EXERCISE: What you return should match the data word for word, minus the images.

GIVEN DATA:
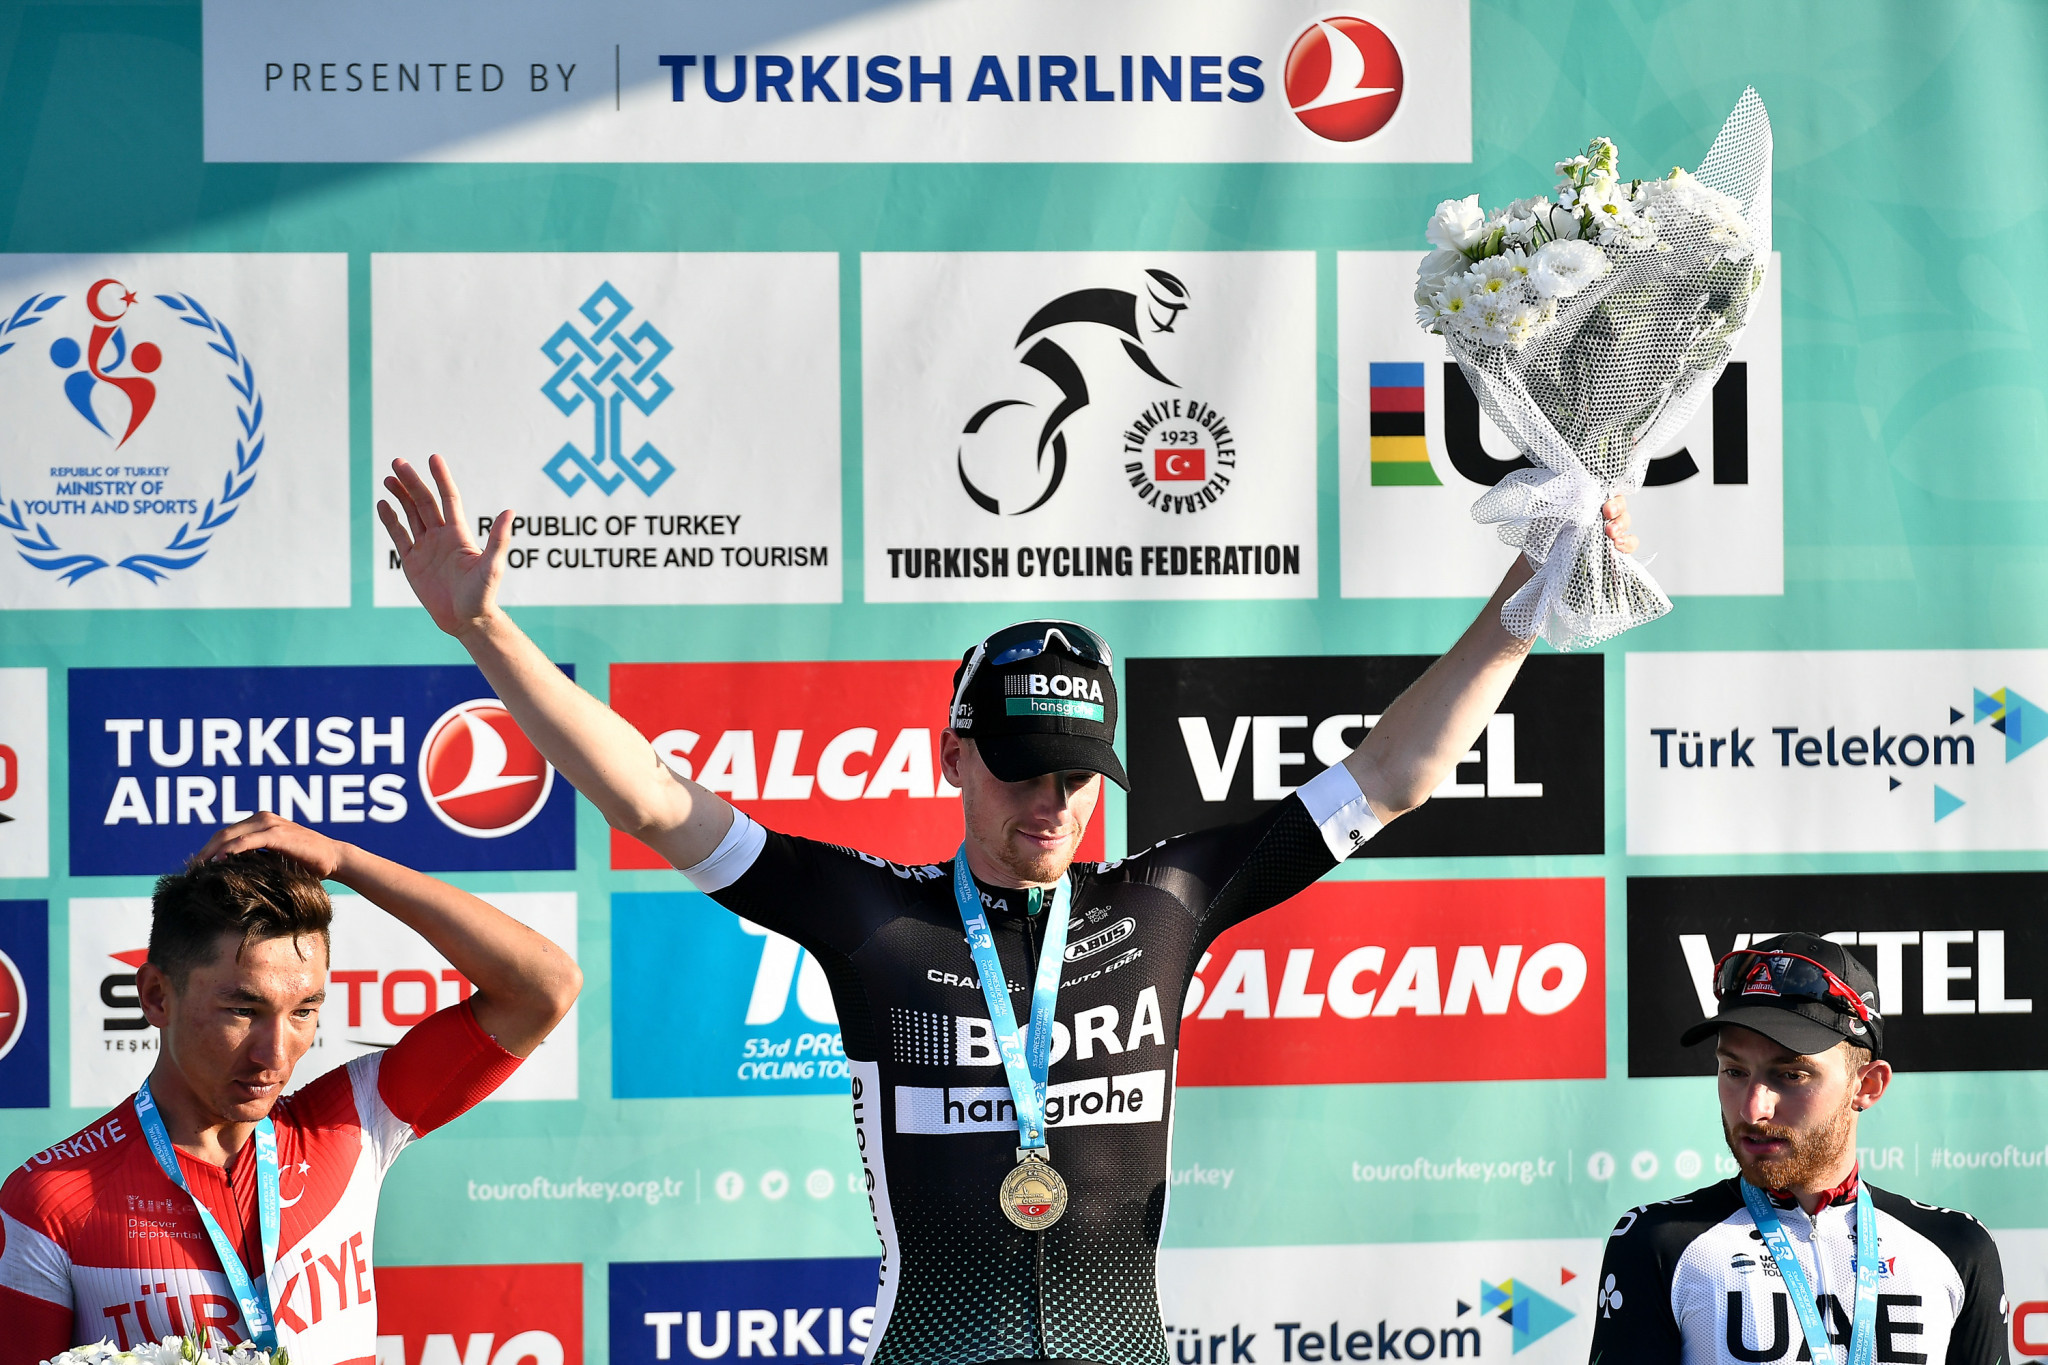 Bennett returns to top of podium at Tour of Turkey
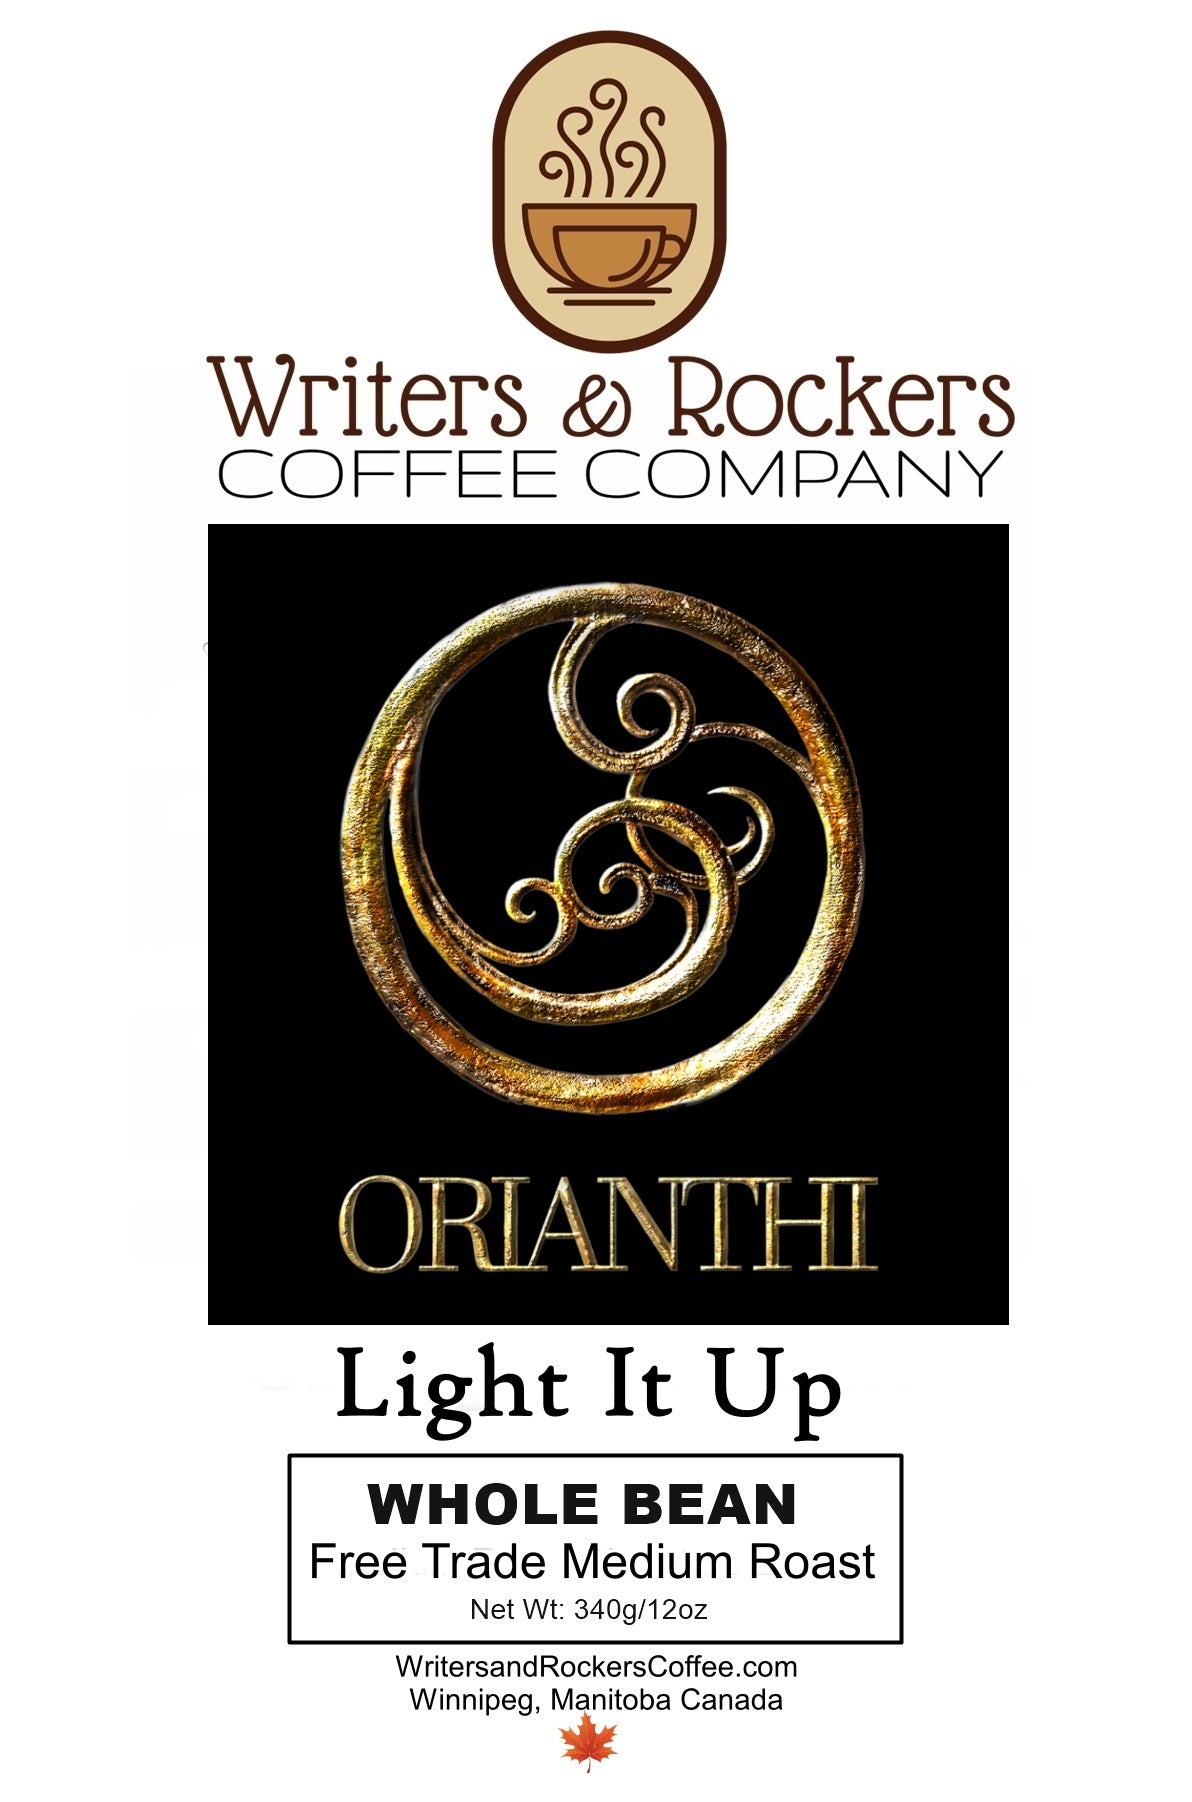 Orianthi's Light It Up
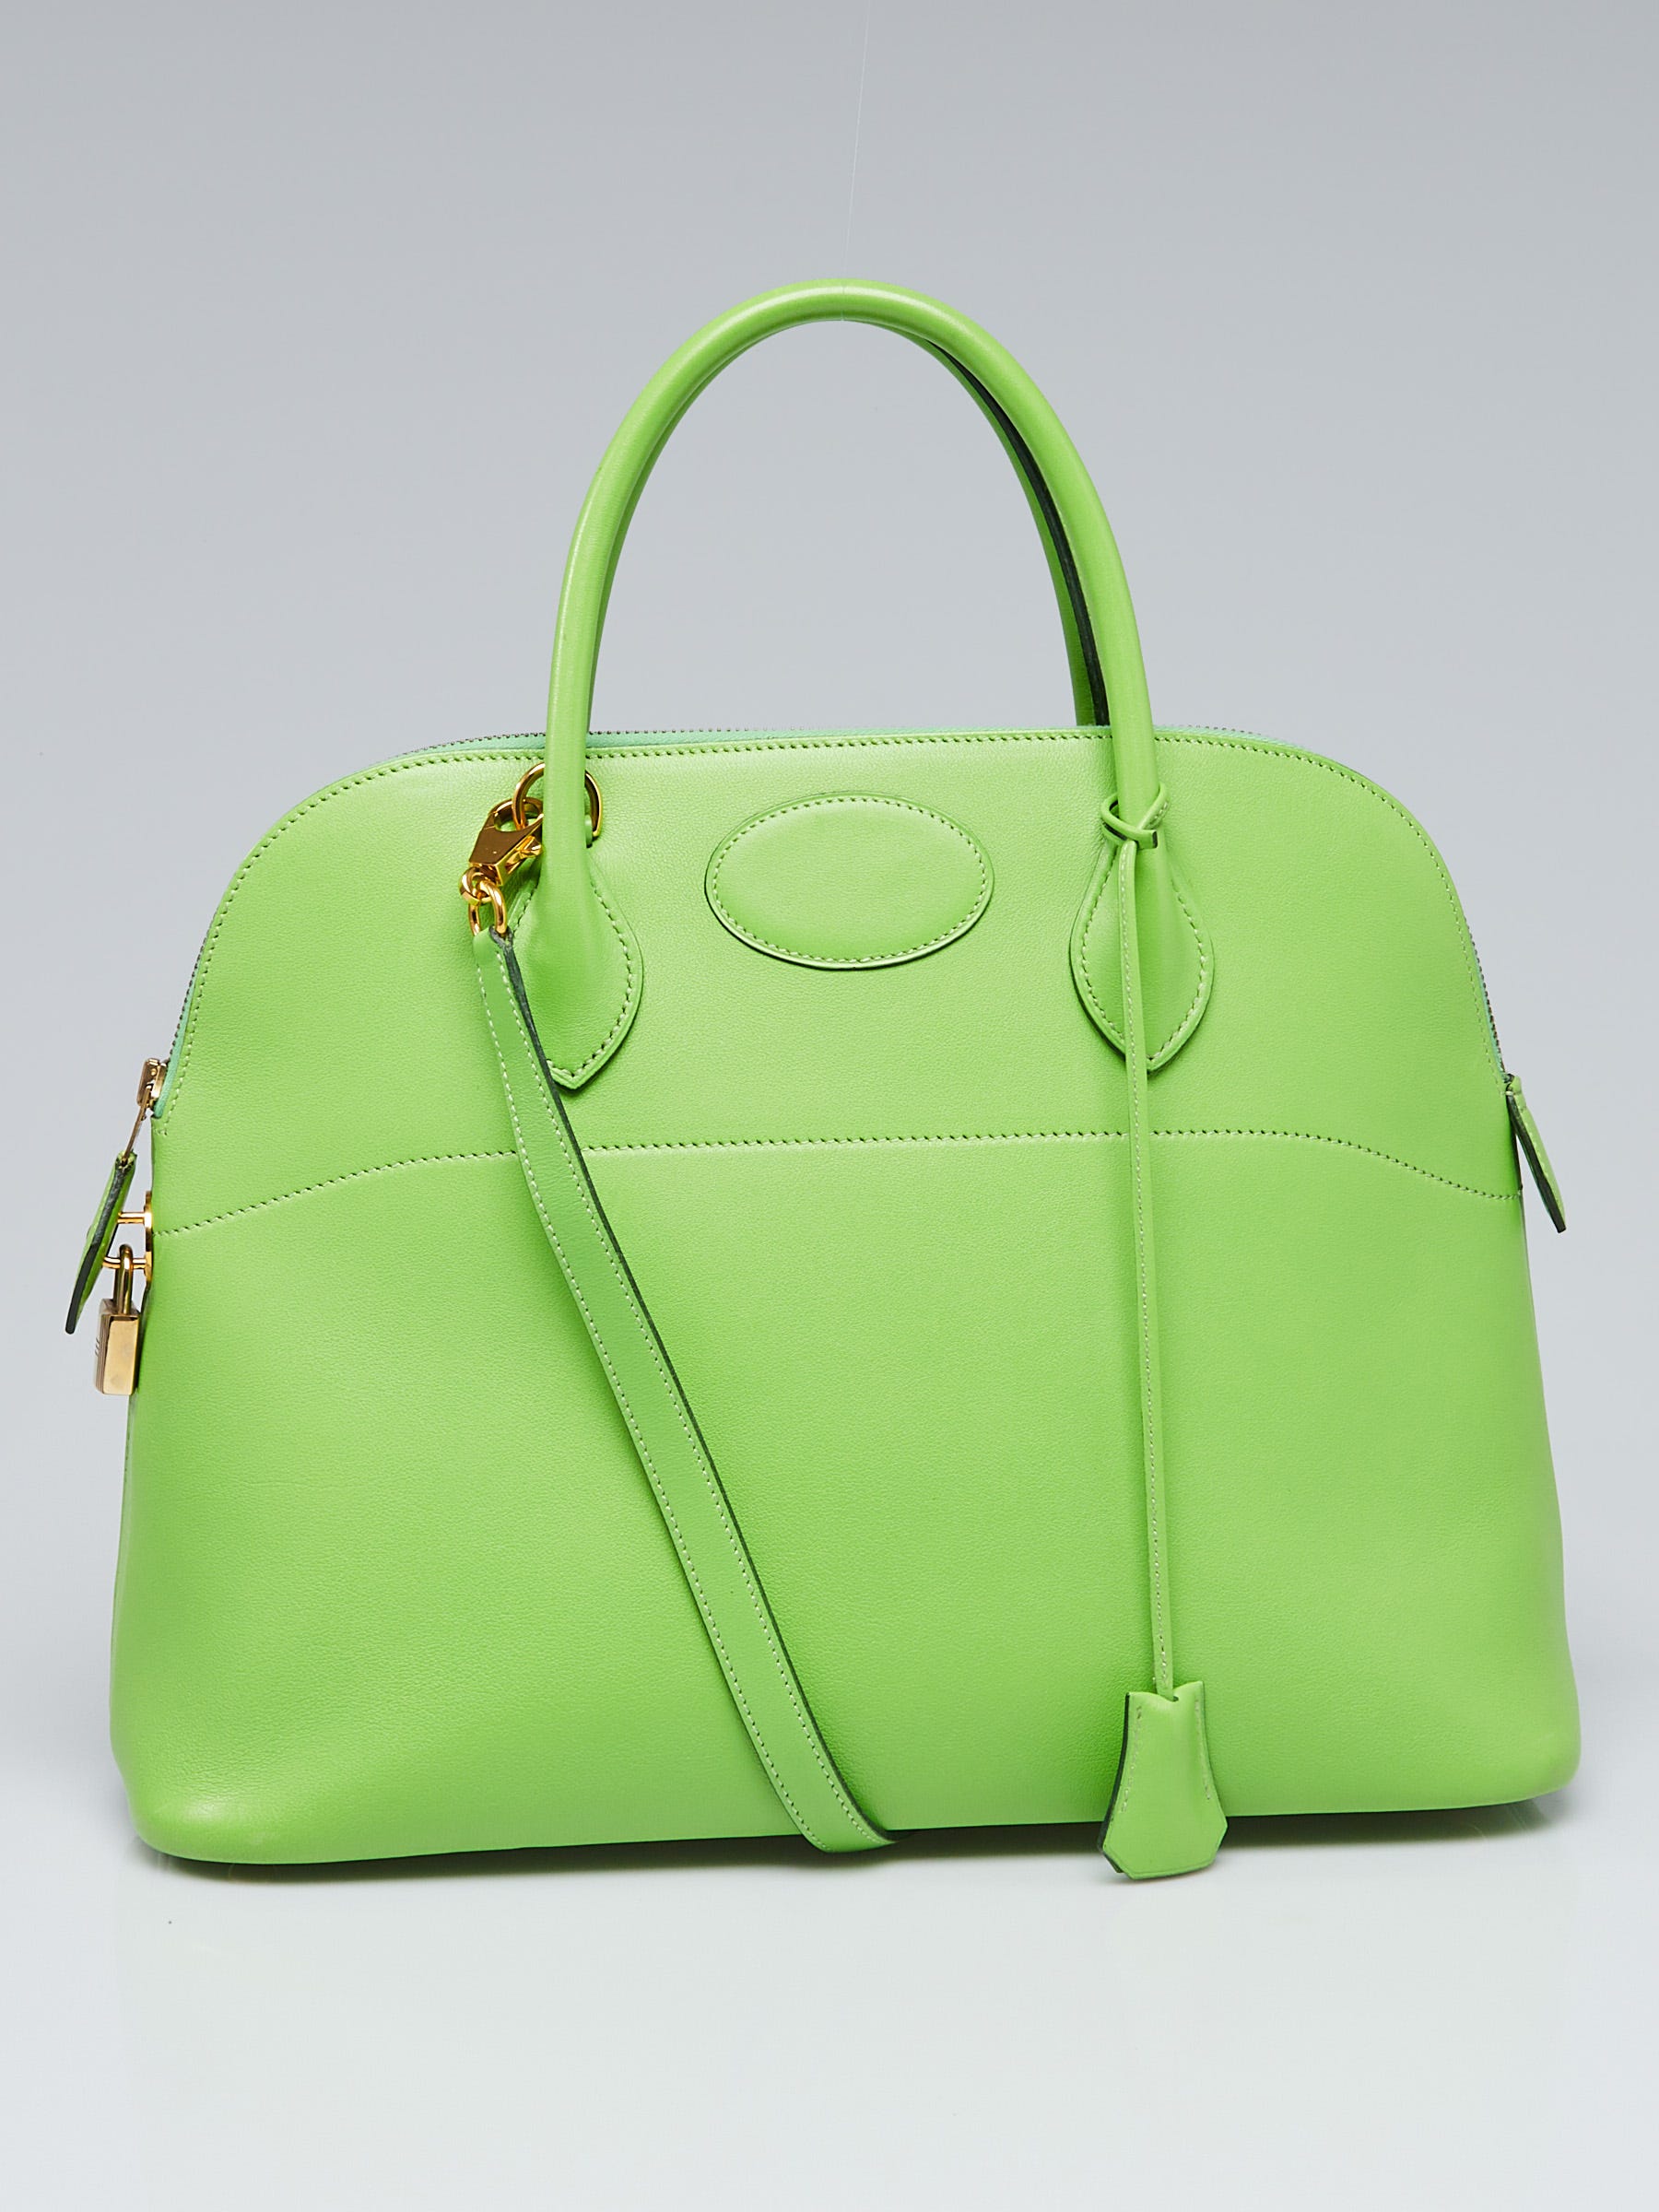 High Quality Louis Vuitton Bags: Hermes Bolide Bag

YOUR SOLUTION:
 Bennett returns to top of podium at Tour of Turkey
 Orianthi's Light It Up
 High Quality Louis Vuitton Bags: Hermes Bolide Bag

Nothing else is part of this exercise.